Casein kinase 1 used was obtained from Invitrogen Corporation (human CK1 epsilon PV3500 and human CK1 delta PV3665).

Peptide substrates labeled both ends with a fluorophore-donating group (coumarin) and a fluorophore-receptor group (fluorescein) constituting the FRET system are present in increasing concentrations in the presence of ATP and casein kinase 1 epsilon or delta. Dephosphorized in the presence of a compound of.

The mixture was treated with site specific proteases that specifically cleaved the substrate peptide to form two fluorescent fragments with high fluorescence emission rates.

Thus, the fluorescence observed was related to the ability of the product of the present invention to inhibit phosphorylation of substrate peptides by casein kinase 1 epsilon or casein kinase 1 delta.

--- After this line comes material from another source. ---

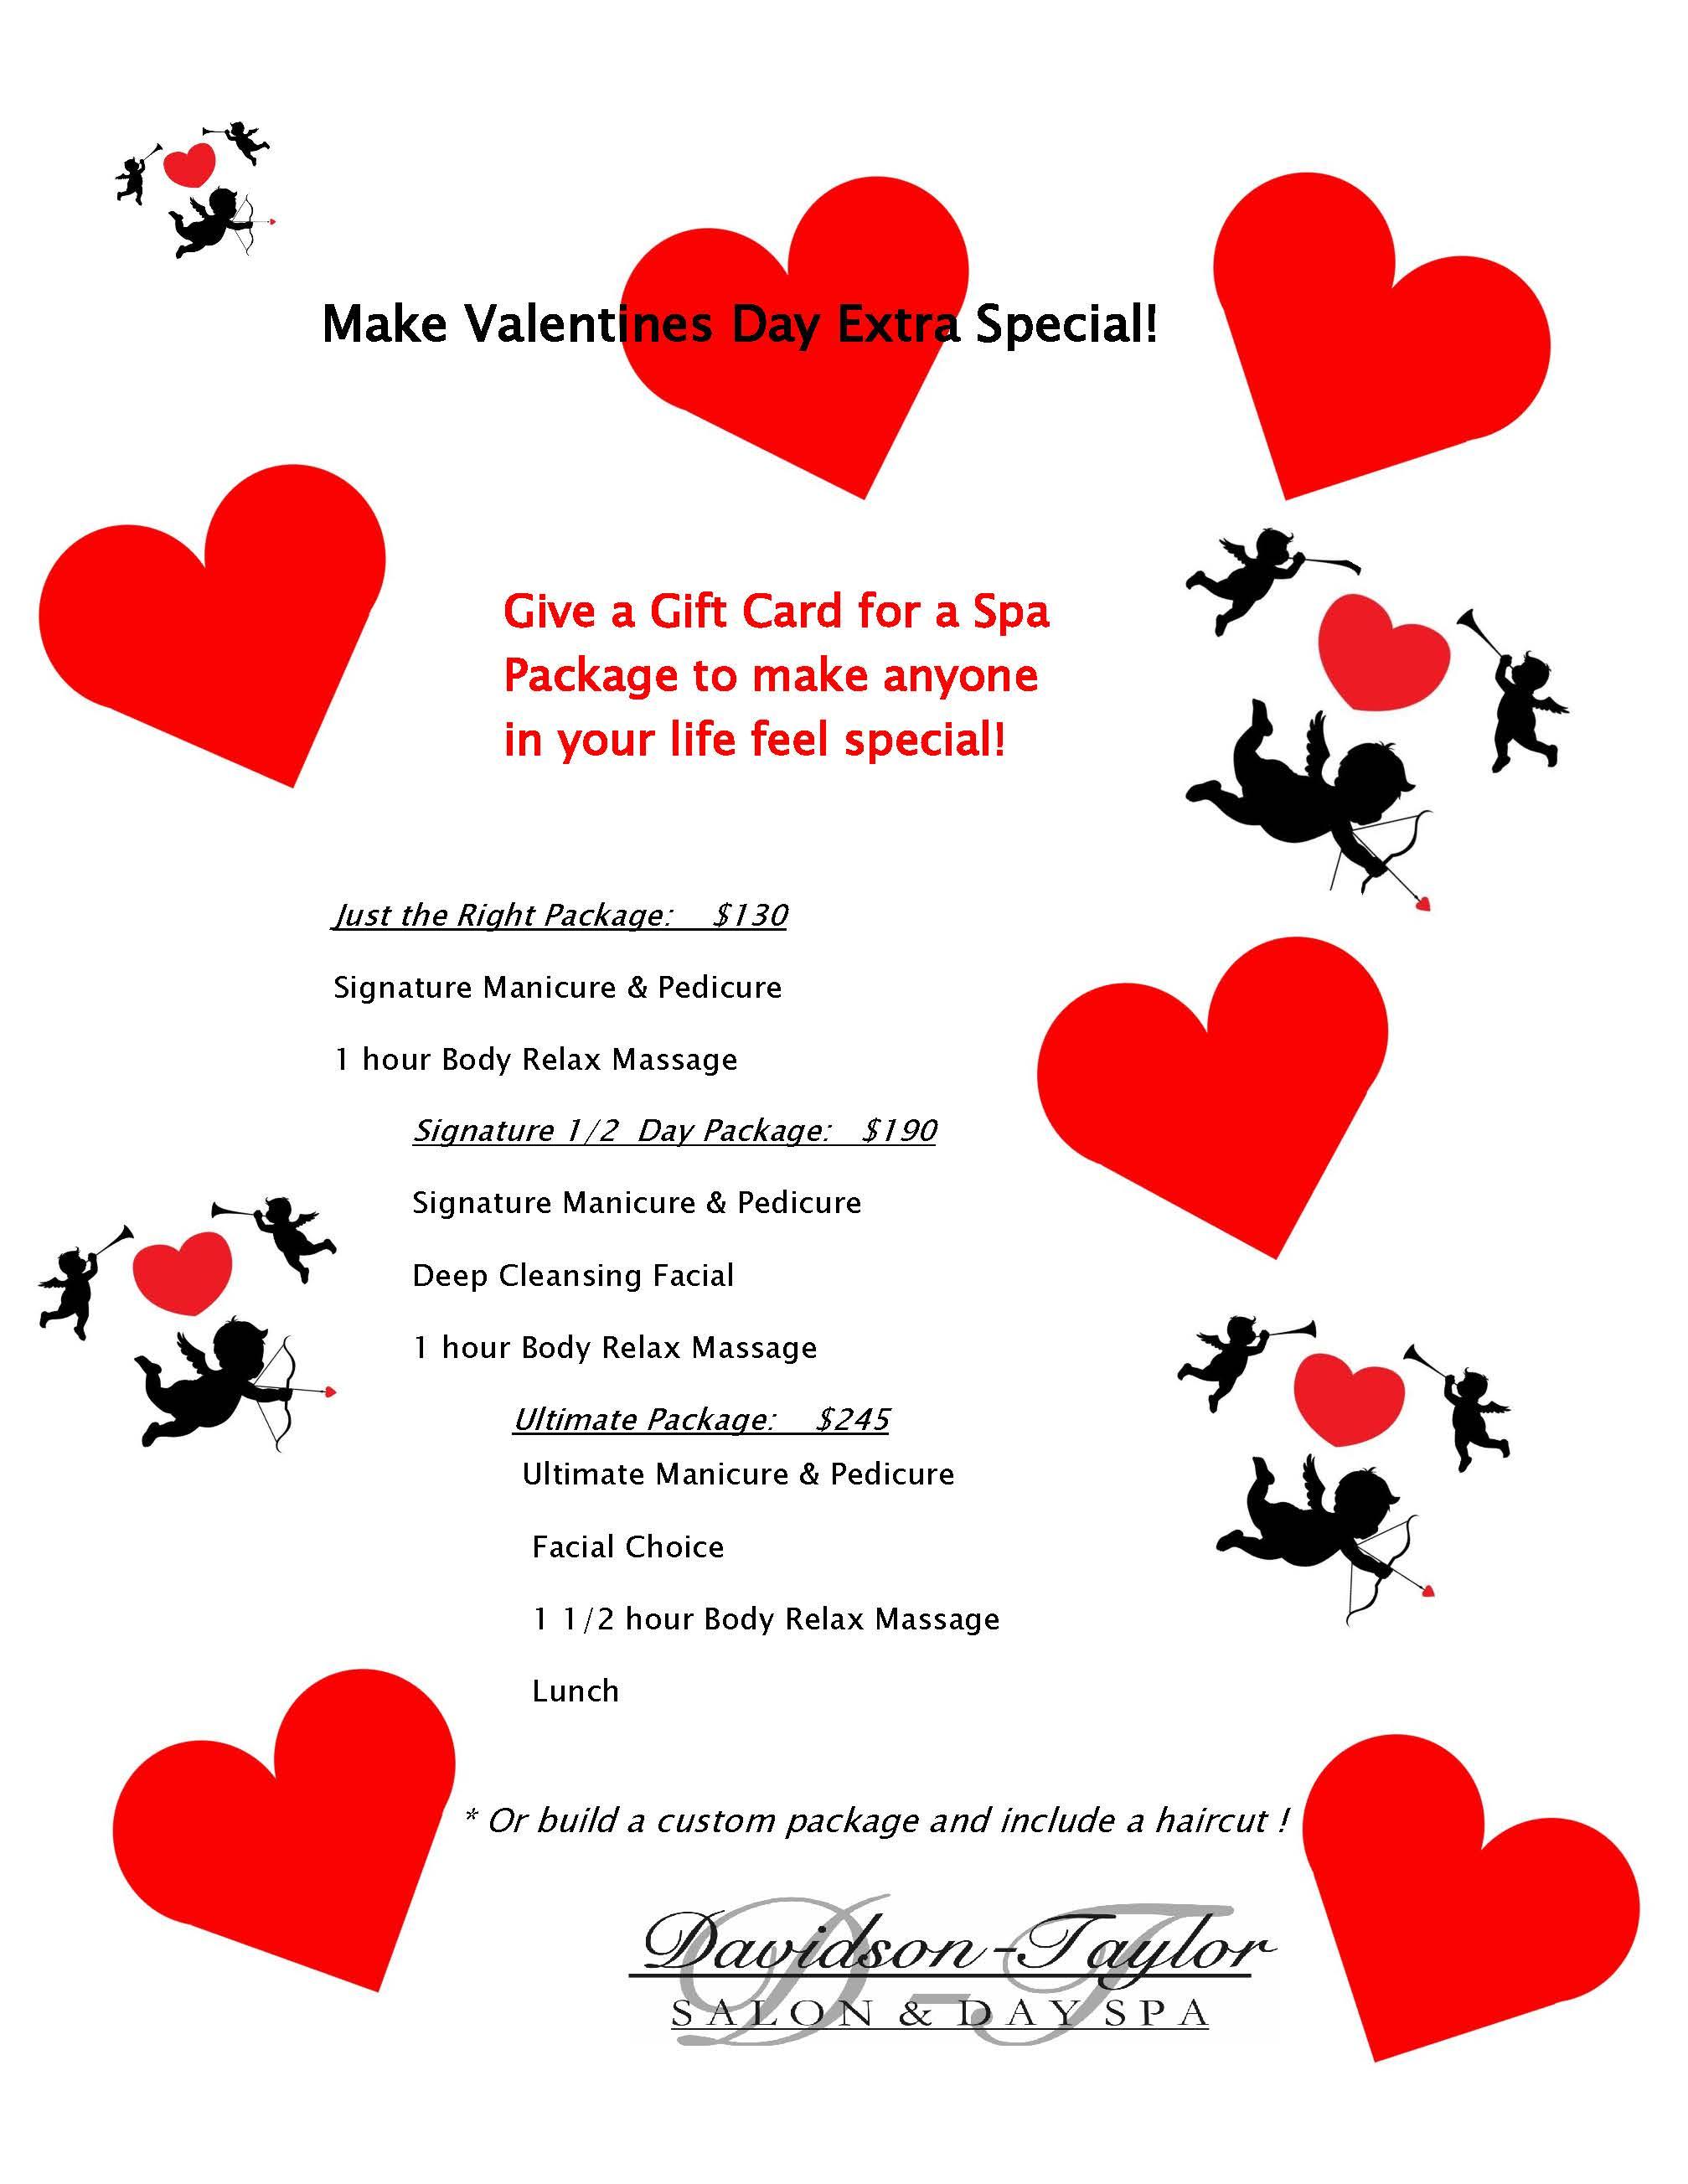 Valentines Specials Davidson Taylor Spa

Compounds of the invention are diluted in a buffer containing 50 mM HEPS (pH 7.5), 1 mM EGTA, 0.01% Brij-35, 10 mM MgCl ₂ for casein kinase 1 epsilon and tree for casein kinase 1 delta Trizma base (50 mM) (pH 8.0), and NaN ₃ (final 0.01%) were dissolved in various concentrations starting with 10 mM stock in DMSO diluted in buffer supplemented.

Phosphorylation of the substrate peptide SER / THR 11 obtained from Invitrogen Corporation ™ was performed at a final concentration of 2 μΜ. The ATP concentration was four times that of K _M , which was 2 μM for casein kinase 1 epsilon and 4 μM for casein kinase 1 delta.

The emitted fluorescence was measured at wavelengths of 445 nm and 520 nm (excitation at 400 nm).

Table 3 below provides IC ₅₀ values related to the inhibition of phosphorylation of casein kinase 1 delta for compound numbers according to the invention.

Under these conditions, the most active compound of the present invention had an IC ₅₀ value (concentration that inhibits the enzymatic activity of casein kinase 1 delta by 50%) between 1 nM and 2 μM.

Thus, the compounds according to the present invention have been shown to have inhibitory activity against the enzyme casein kinase 1 epsilon or casein kinase 1 delta.

Experimental protocol for circadian cell assay

Mper1-luc Rat -1 (Rat-1) (P2C4 ) fibroblast cultures, the culture each in a 150 cm ² tissue culture polystyrene flasks (Falcon ^® # 35-5001) degassed three to four days ( About 10% to 20% total growth) divided and prepared in growth medium (EMEM (Cellgro # 10-010-CV) under 5% CO ₂ at 37 ° C .; 10% fetal bovine serum (FBS; Gibco # 16000-044); And 50 IU / mL penicillin-streptomycin (Selgro # 30-001-Cl)].

Cells obtained from rat-1 fibroblast cultures at 30% to 50% contiguous growth as described above contain a luciferase reporter gene dictated by the zeocin resistance selection marker for stable transfection and the promoter mPer-1. Co-transfection with the vector. After 24 hours to 48 hours, and was maintained for dividing the culture in a 96-well plate, 50 to 100 ㎍ / mL Zeocin (Invitrogen ^® # 45-0430) 10 to 14 days from the supplemented growth medium. The reporter was tested for stable transfectants resistant to zeocin by adding 100 μM luciferin (Promega ^® # E1603 ^® ) to growth medium and assaying luciferase activity on a TopCount ^® scintillation counter (Packard Model # C384V00). The expression of was evaluated. Zeocin resistance and the rat -1-cell clones expressing luciferase activity both indicated by mPer1 serum with 50% horse serum [HS (Gibco ^® # 16050-122)] - shock-synchronization, active periodicity of reporter Was evaluated. Compounds were tested by selecting P2C4 clones of fibroblast Mper1-luc rat-1.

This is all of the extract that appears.